In a dividend reinvestment plan (DRIP), when an individual buys shares, the tax implications depend on the actual market value of the shares at the time of purchase rather than their purchase price.

In this scenario, the individual is acquiring 100 shares at the purchase price of $20 per share while the market price is $22 per share. When dividends are reinvested to purchase additional shares, the taxable portion is often determined based on the market value of the shares purchased through the reinvestment.

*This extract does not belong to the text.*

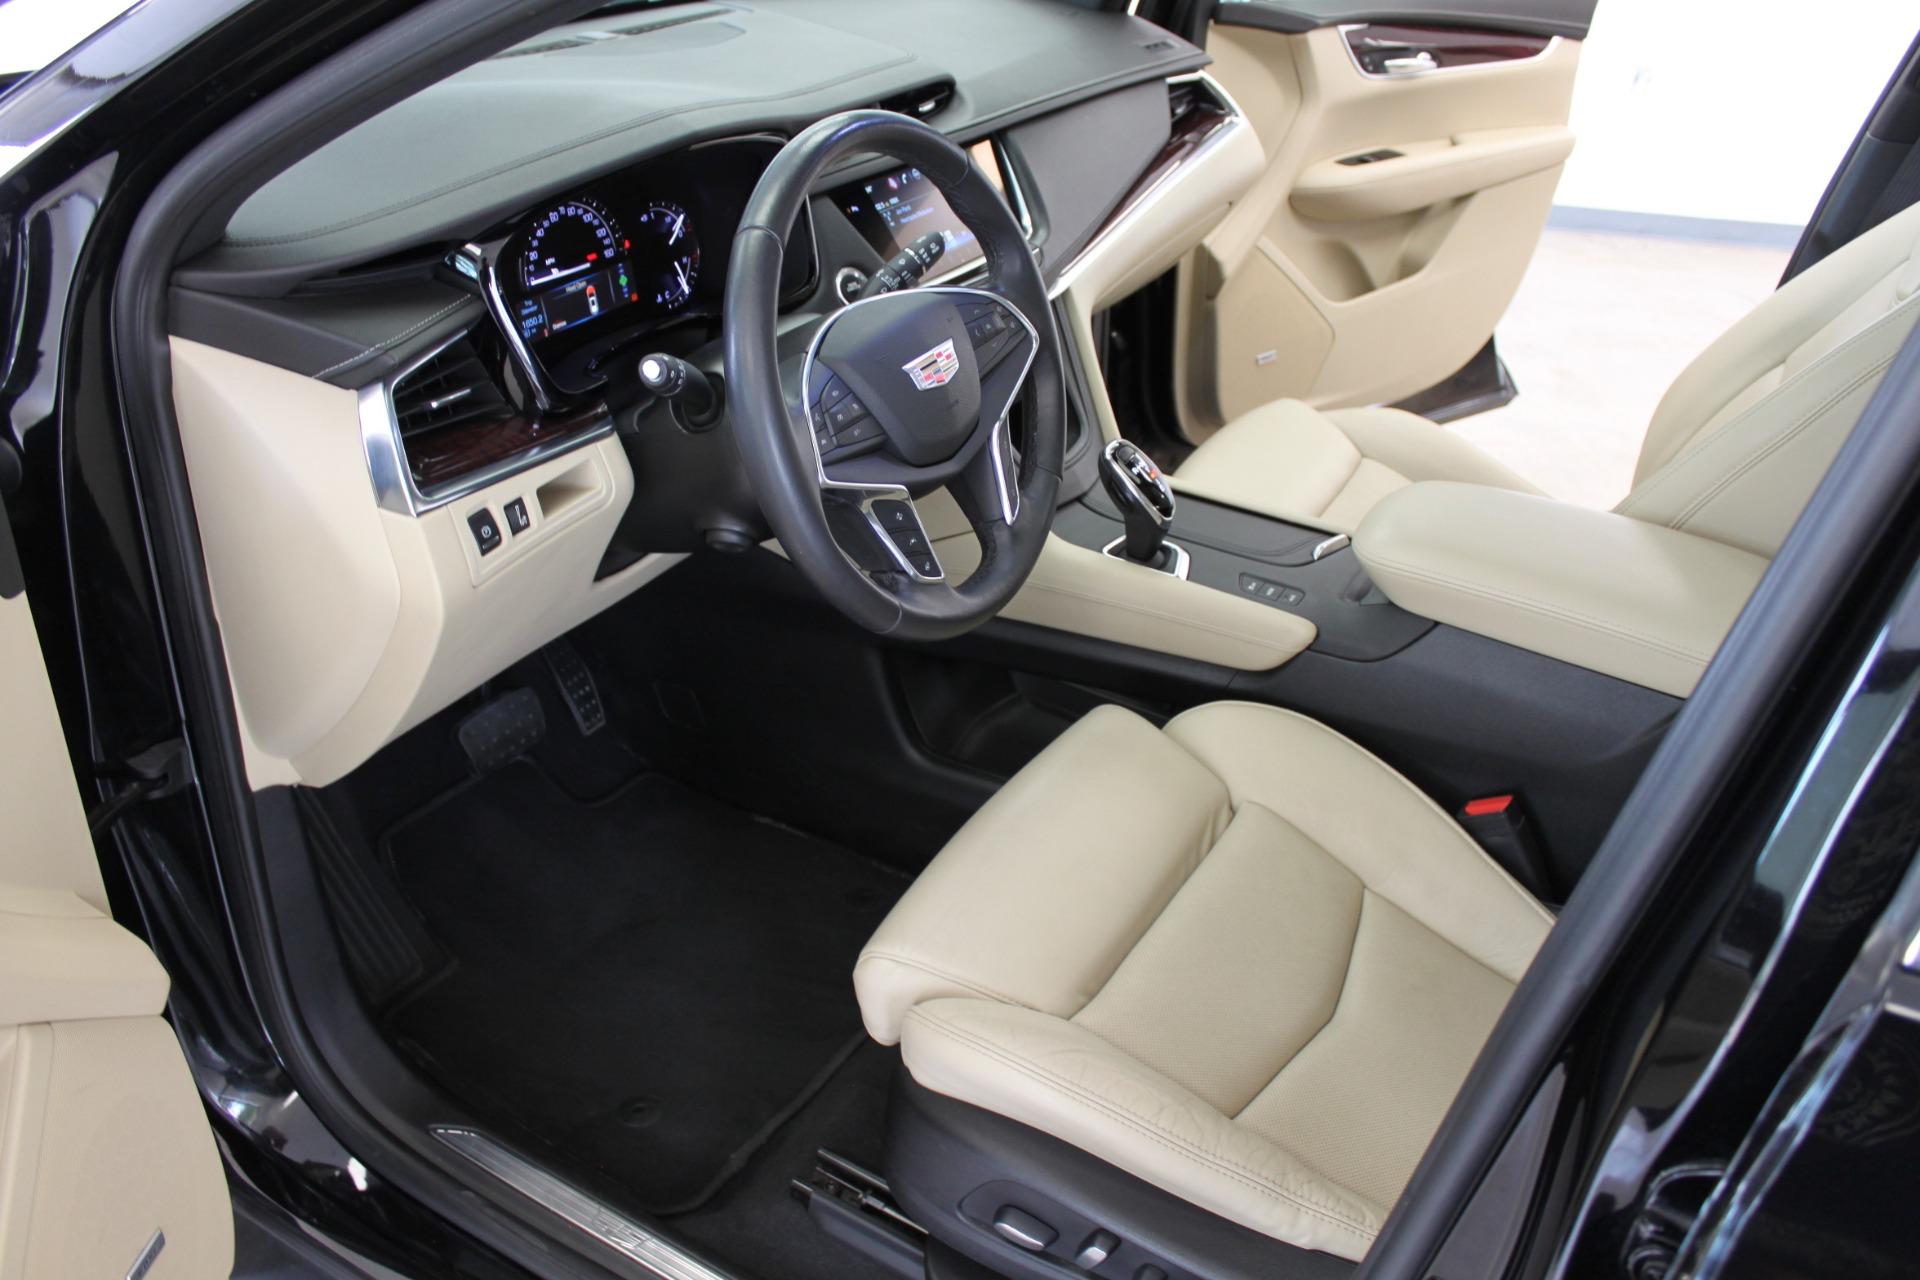 Used-2017-Cadillac-XT5-Luxury-All-Wheel-Drive-Luxury-AWD-Collector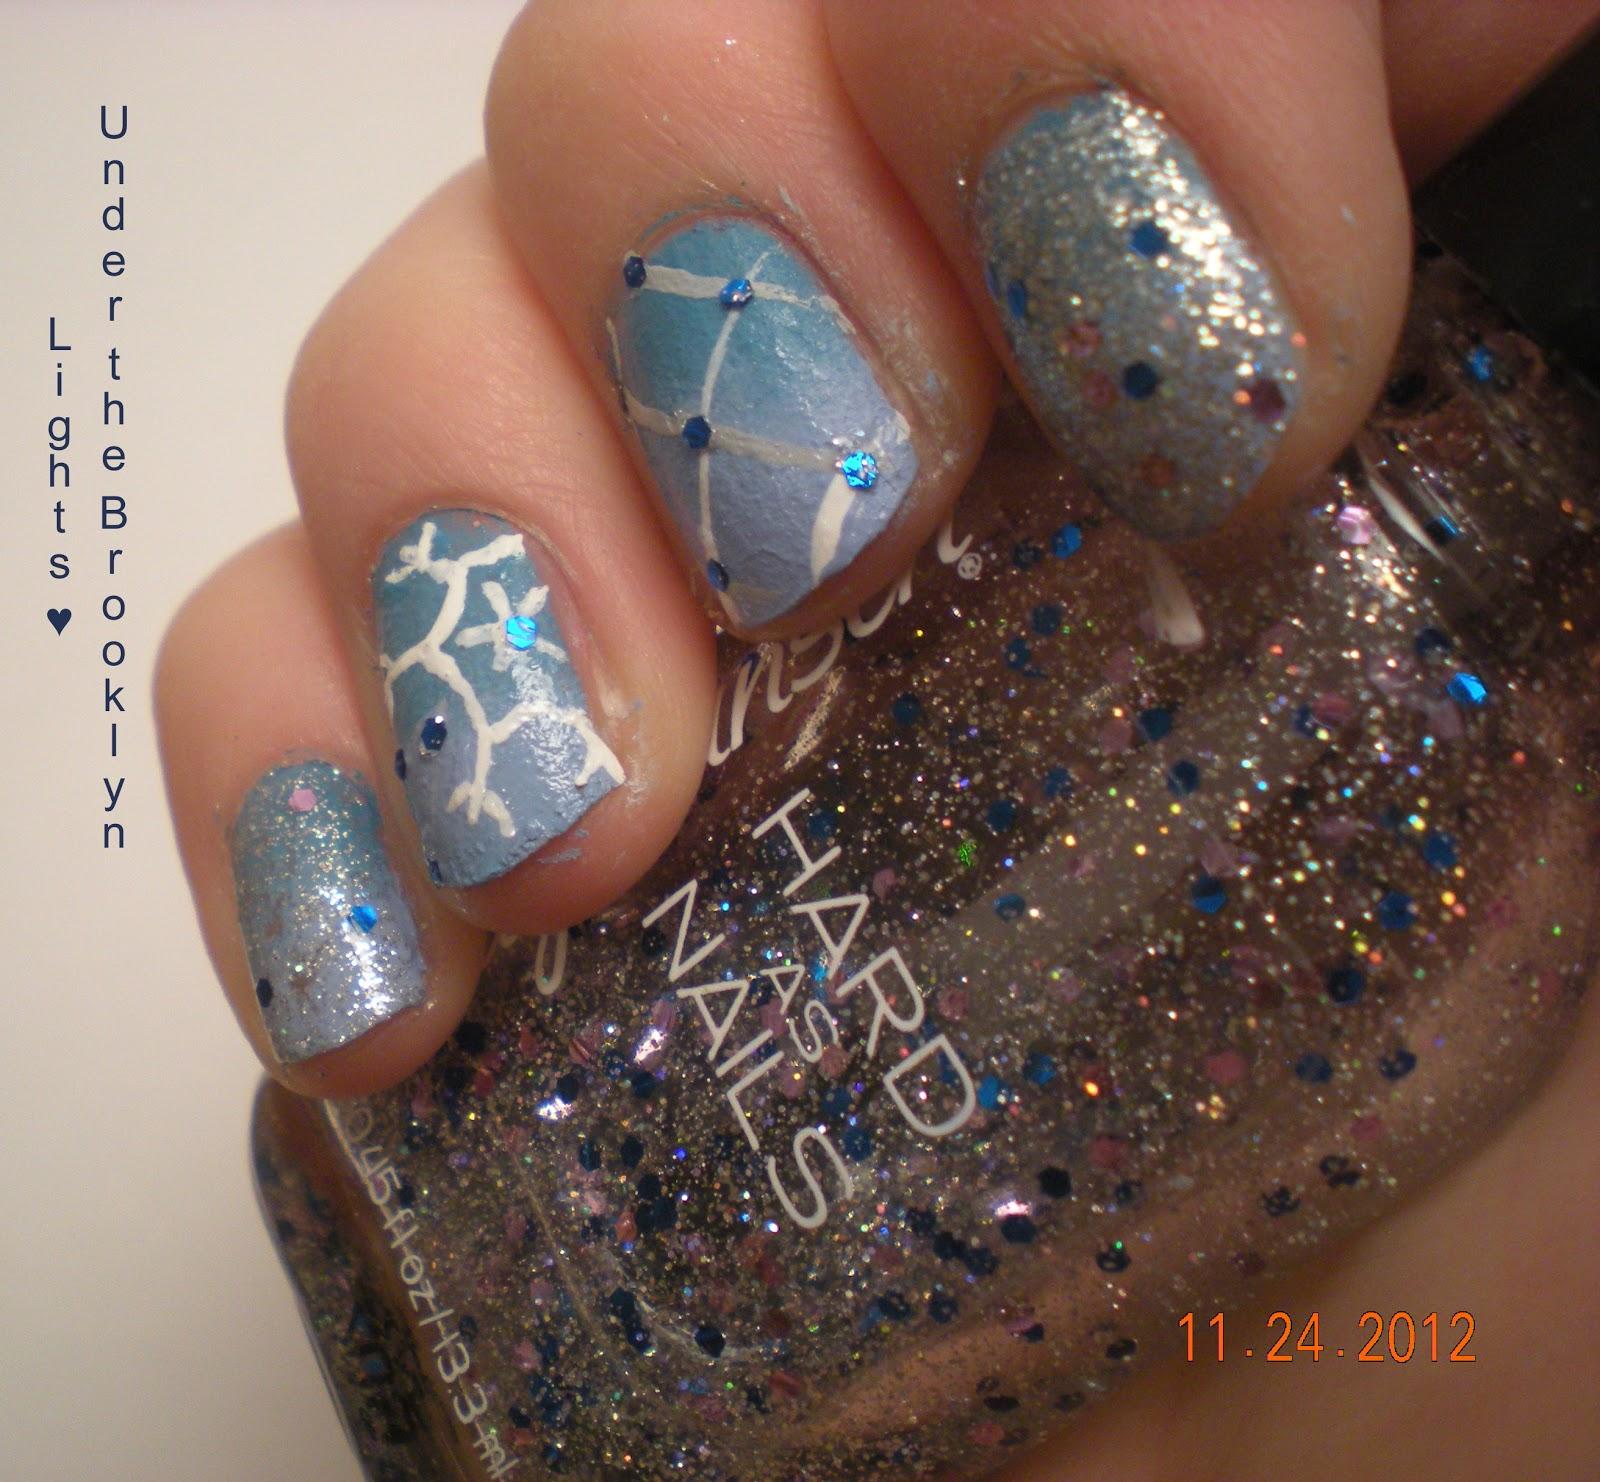 Snowflake Nail Art Tutorial: Under The Brooklyn Lights: Snowflake/Plaid Nail Art + Tutorial

Here, the market price of $22 means that the total market value of the 100 shares is $2,200 (100 shares x $22). Since the individual is purchasing at a lower price of $20, the taxable portion recognizes the difference between the market value and the amount spent on the shares. This total amount spent ($2,000) does not directly translate to taxable income, but because the dividend equivalent is based on market value, the taxable portion recognized would be the value of the shares at market price upon reinvestment.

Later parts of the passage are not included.